Employment and the Minimum Wage

Opponents of the proposed increase in the minimum wage assert that raising the minimum wage will result in lost jobs and lost job opportunities. This is an old argument which may correspond with neoclassical economic theory, but which is not related to the reality of minimum wage increases. Here is the reason why:

The federal minimum wage increased in both 1996 and 1997. No studies have found statistically significant job loss that can be associated with these wage increases. In fact, it is just as accurate to assert job gains linked to the minimum wage increase. The Economic Policy Institute, an economics research and public policy institute of national reputation located in Washington, D.C., has conducted several tests which isolate the impact of the federal minimum wage increase.

  • The first test is a “difference-in-differences” test (DD), which looks at employment rates for low wage workers and young people in relation to the minimum wage increase. The statistical comparison is refined by isolating employment rates from seasonal employment factors and overall economic growth. This DD test reveals no change in the employment rates of low-wage workers and young people as a result of the federal minimum wage increase.
  • The second test is the Deere, Murphy, and Welch test which measures state employment levels across years before and after the minimum wage hike. This test reveals that the minimum wage increase raised employment for less-educated adult male workers and less-educated black workers, while impacts on other minimum wage workers were statistically insignificant.
  • David Card devised a cross-state test to measure the impact of the minimum wage on low wage states versus high wage states. The Card test finds that the 1996 and 1997 wage increases had a strong impact on wages for teenagers and less-than-high–school-educated adults, but no consistent, measurable impact on employment for these two groups.
  • Time-series tests also reveal the same statistically indistinguishable impact on jobs as a result of the minimum wage increases.

Closer to home, Oregon passed a minimum wage initiative in 1996, raising its minimum wage to $5.50/hour in 1997, to $6.00/hour in 1998, and to $6.50/hour in 1999. Since the minimum wage increase, job growth in the industries most effected by the minimum wage has been robust. Employment growth in retail trade, the industry with the highest proportion of minimum wage workers, followed the same healthy growth patterns as the overall Oregon economy.

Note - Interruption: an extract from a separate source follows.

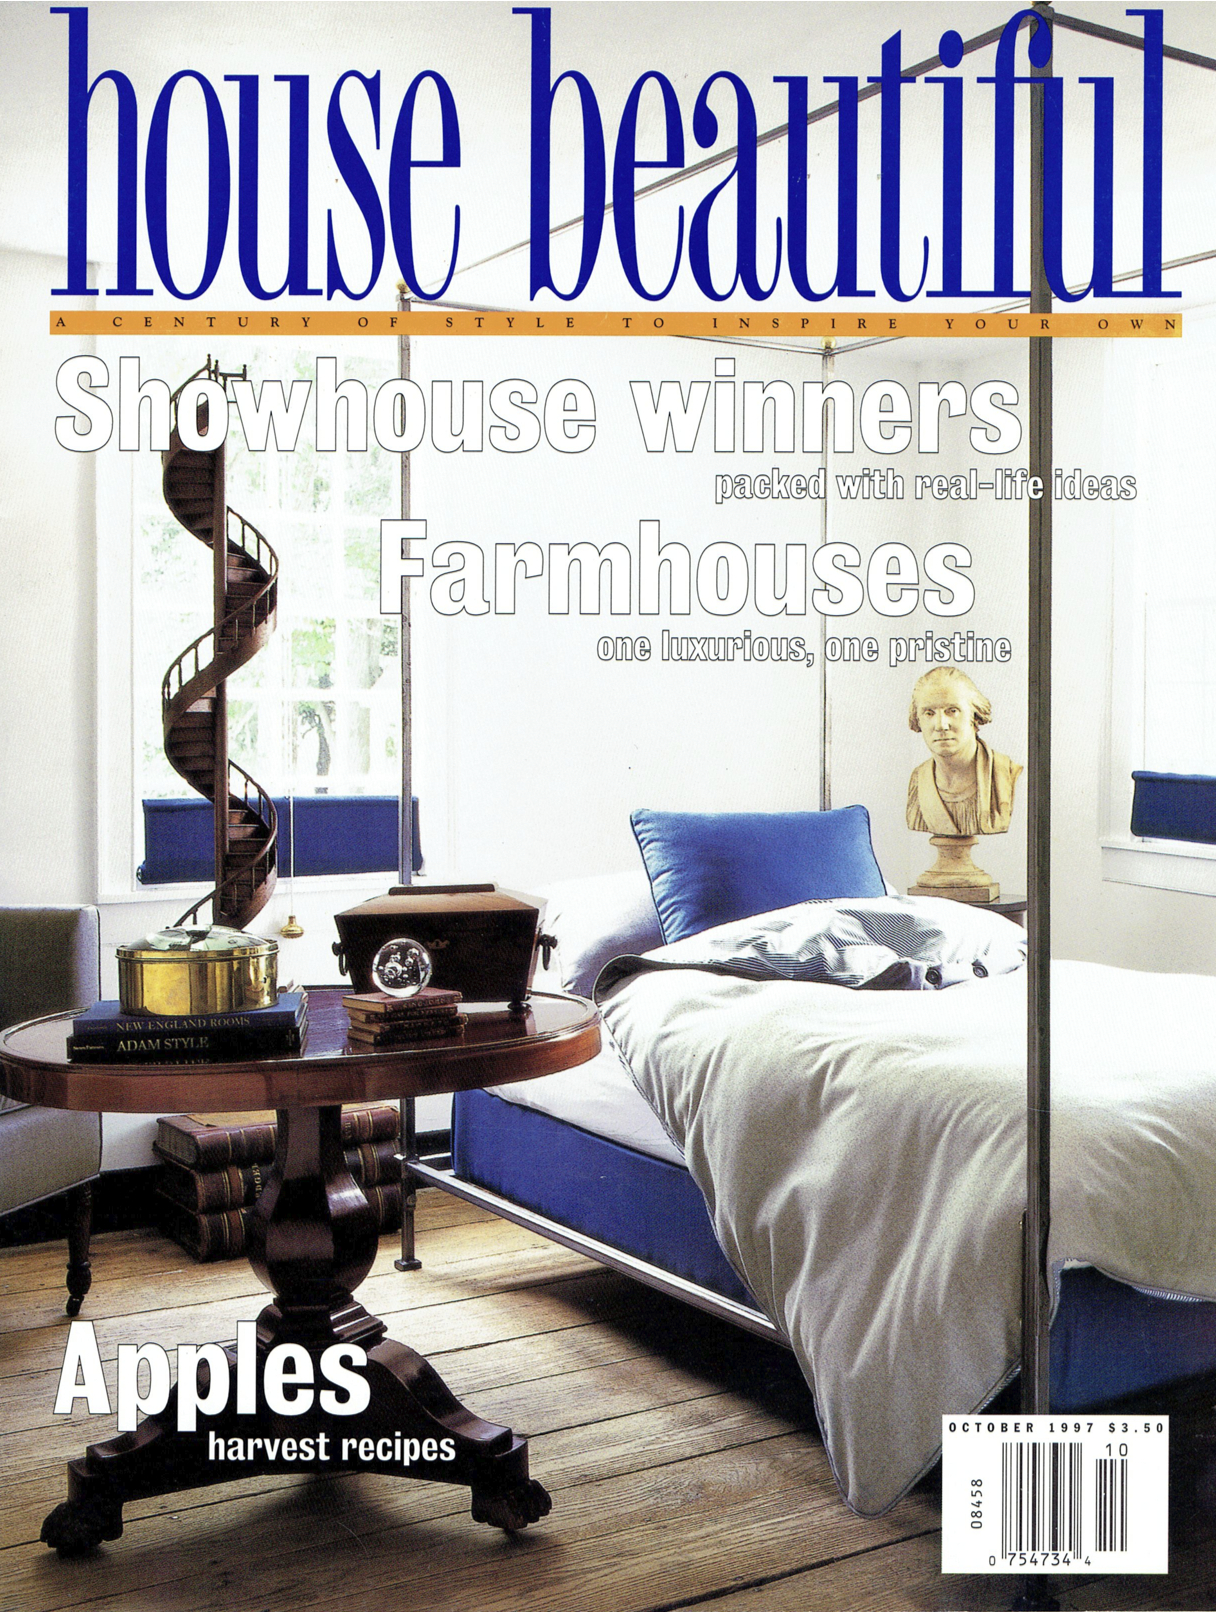 House Beautiful Cover.jpg

The assumptions of job loss in the Employment Policies Institute study are false and dated. The job losses are predicted by a formula which ties a 2% drop in employment to a 10% increase in the minimum wage. Once you make the assumption, it is easy to calculate the numbers. But the initial assumption is wrong and the resulting numbers are deceiving. The job loss assertions made by the Employment Policies Institute (and repeated by John Carlson’s Washington Institute Foundation) are pulled from a calculation for labor demand elasticity reported in an unpublished manuscript by David Neumark and William Wascher. The same authors were published in a refereed article in the Journal of Business, Economics, and Statistics (1995, Volume 13 #2, p. 199-207) in a study which noted that there was no job loss from an increase in the minimum wage.